Murnane: I grew up in Connecticut. I worked in Connecticut stations. I worked in Rhode Island. I worked in Boston. At each of those jobs, I could get in my car after my shift and hear 880 and that gigantic signal. I agree, listening to the station was a sort of hands-on education.

Memorable stories

Murnane: There were so many. There are big stories and there are small stories. Of course, 9/11. Given what our listeners and staff experienced after 9/11, I think it’s a miracle that those firefighters and police officers climbed the stairs of the towers as they were falling apart and tried to save lives until their last breath. I can’t get that out of my head.

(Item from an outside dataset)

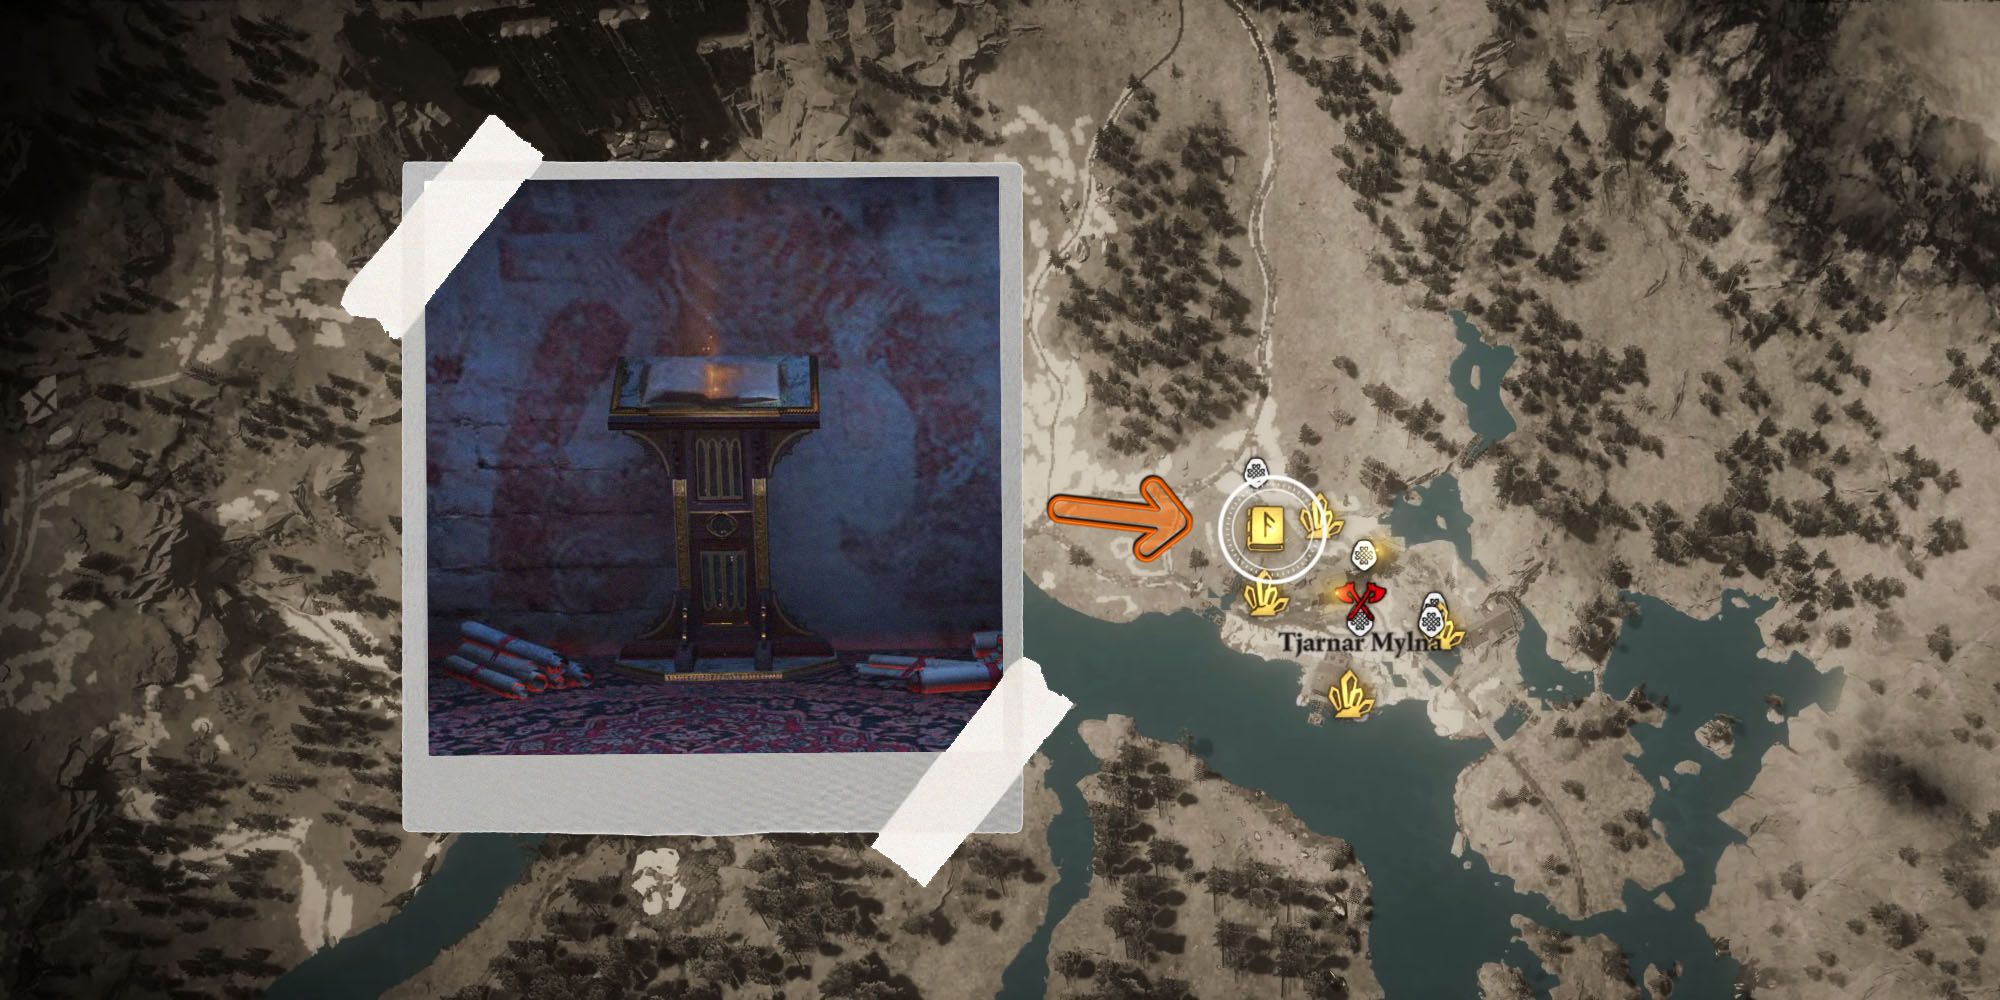 A Book of Knowledge in Assassin's Creed Valhalla, shown on the map of Svartalfheim

Cabot: Also, watching the documentaries years later, showing people on the streets as the dust cloud moves through Lower Manhattan, listening to the radio and hearing our voices, and people are transfixed. They lean in. They want to know what’s going on. It happens very often that when you’re sitting in that booth by yourself, you don’t know if you’re talking to a wall, but when you see the effect that the information you’re putting out there has on people, it makes you sit up and redouble your efforts to take responsibility and recognize the effect you’re having on people.

Murnane: That’s what hurts about all of this: you’re talking to two men who really love radio news and love doing it. It’s so important, and I’m so grateful that I chose radio news as a career and was able to be here.

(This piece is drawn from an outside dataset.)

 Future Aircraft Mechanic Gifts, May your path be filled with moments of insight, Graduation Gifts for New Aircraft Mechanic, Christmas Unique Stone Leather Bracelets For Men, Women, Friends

Cabot: I’m going to miss working with this guy. We just have fun all morning long. We really enjoy each other’s company and I think that’s why it’s worked for so long.

On the legacy of the WCBS

Murnane: I think our departure leaves the radio space, the AM radio space, a rougher place. I wonder if future generations will remember that there was a time when a real human voice spoke to the listener and the listener felt like that person was looking out for them. Nothing replaces a warm, real human radio voice in real time, and people will look at their phone screens and see a push notification; news is not a push notification. I think words on a screen, on a little piece of glass in your hand, don’t have the impact of a real person telling you something.